While there is a presumption that the word 'shall' in a statute is mandatory in nature, there is no general rule to that effect and it has often been interpreted to be directory when certain conditions are present. The case most often cited in support of this proposition is Montreal Street Railway Co. v. Normandin, [191] A.C. 170 (P.C.), where Sir Arthur Cannell stated, at pages 174-75:
The question whether provisions in a statute are directory or imperative has very frequently arisen in this country, but it has been said that no general rule can be laid down, and that in every case the object of the statute must be looked at...When the provisions of a statute relate to the performance of a public duty and the case is such that to hold null and void acts done in neglect of this duty would work serious general inconvenience, or injustice to persons who have no control over those entrusted with the duty, and at the same time would not promote the main object of the Legislature, it has been the practice to hold such provisions to be directory only, the neglect of them, though punishable, not affecting the validity of the acts done. (Emphasis added)
I am satisfied that the doctrine applies to the present case. The statutory notice provisions clearly involve the performance of public duties by the respondent. There is no sanction or penalty provided in the Act for failure to give notices in time. The object of the notice provisions is to provide a defined time frame within which a request for information should be processed, and to allow the requester to file a complaint with the Information Commissioner.
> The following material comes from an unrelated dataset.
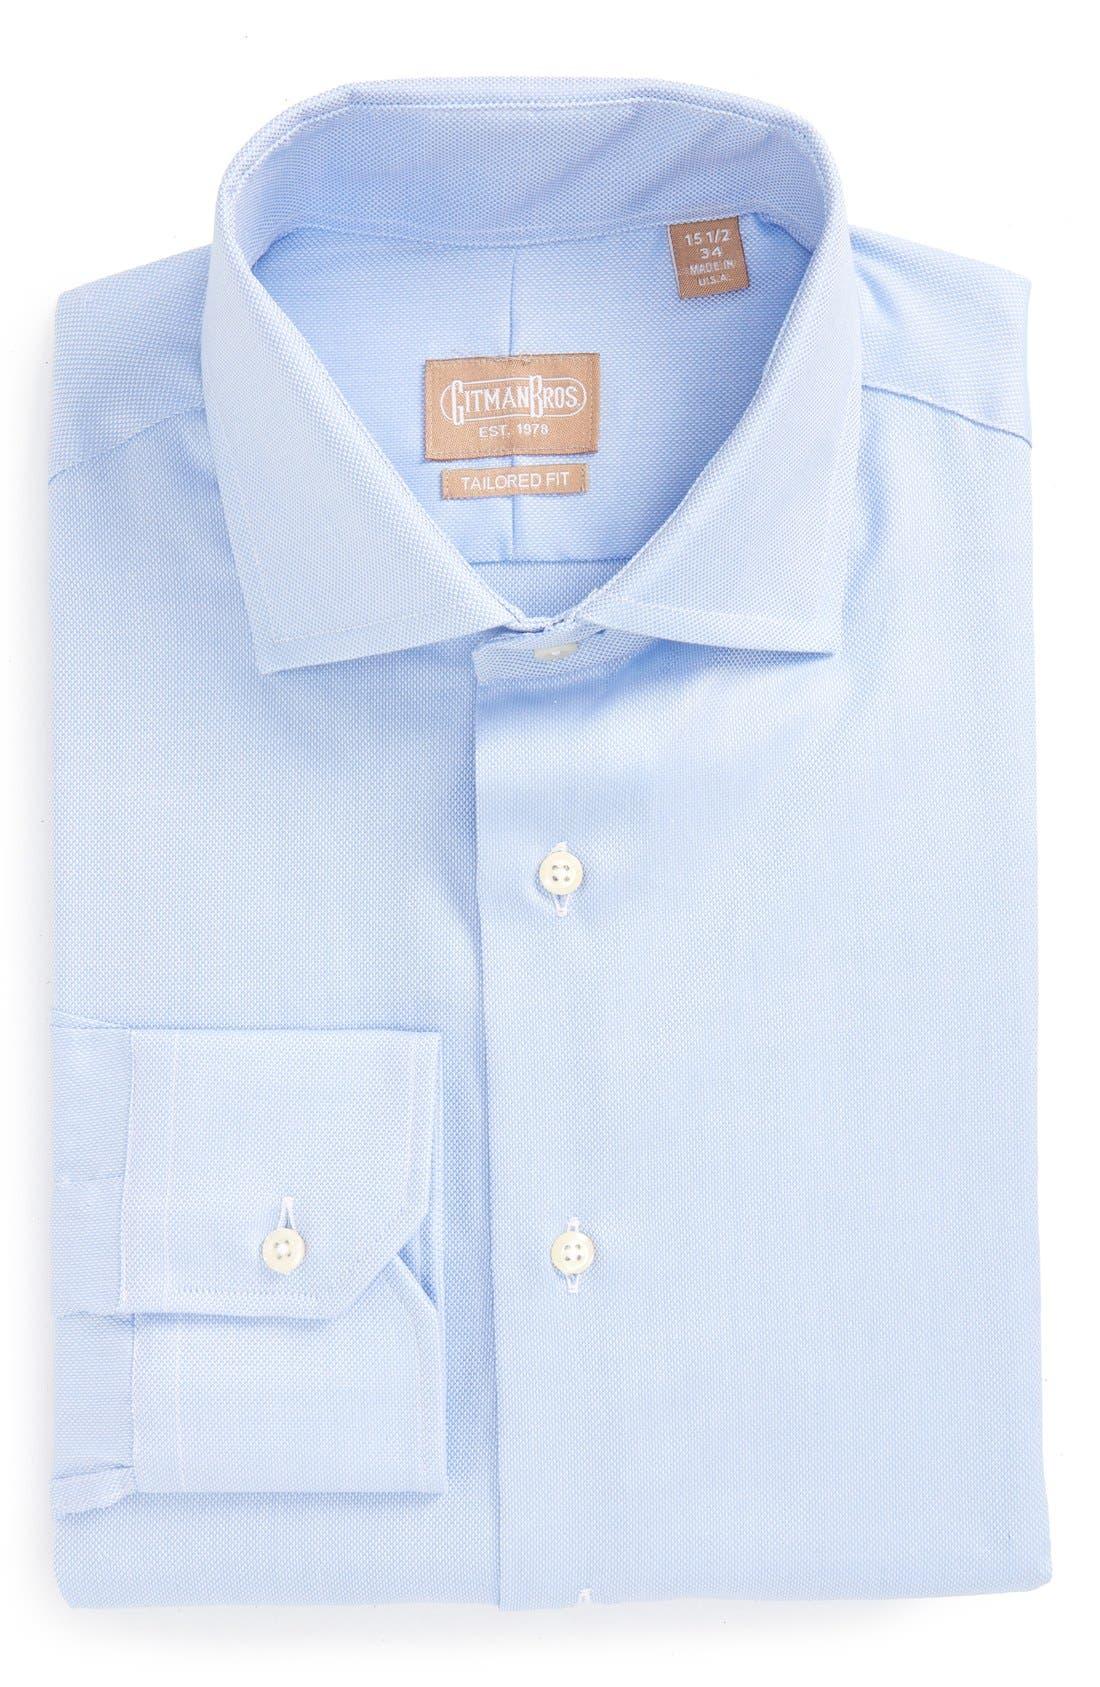 GITMAN Royal Oxford Tailored Fit Dress Shirt

To interpret the notice provisions as mandatory would result in a denial of the release of the information to the requesters and would only cause the filing of a second request and timely compliance. This would not promote the main object of these provisions. Furthermore the requesters, through no fault of their own, would be penalized by the error of the respondent notwithstanding that they do not object to their own late notices.
[The applicant] may, in principle have an unlimited right of access to government information, subject only to the exemptions set out in the Act. However, in my opinion, he does not have an unlimited right of access to the processes available to secure those rights....I agree with the Law Society's characterization of the applicant as a sophisticated and frequent user of the Act. I am also satisfied that the applicant was well informed of the November 16, 1998 closing for this inquiry and of the associated deadlines for initial and reply submissions. Indeed, I find that by consistently confirming the date for the inquiry in their responses to the applicant's voluminous correspondence, my staff went beyond what was reasonably required to notify the applicant of the deadlines he was required to meet. I am also satisfied that the applicant was adequately informed that he could provide a late submission with a letter of explanation, if it was delivered by November 16, 1998.
The Legislature created the Office of the Information and Privacy Commissioner to administer the Act in ways that facilitate the purposes of the legislation. This mandate cannot require the Commissioner to act unreasonably in administering his own processes, or in supervising the processes of institutions. The Legislature must have intended that the Commissioner have the necessary authority to control his own processes, and to supervise the processes of institutions under the Act, so as to minimize or eliminate the potential for abuse.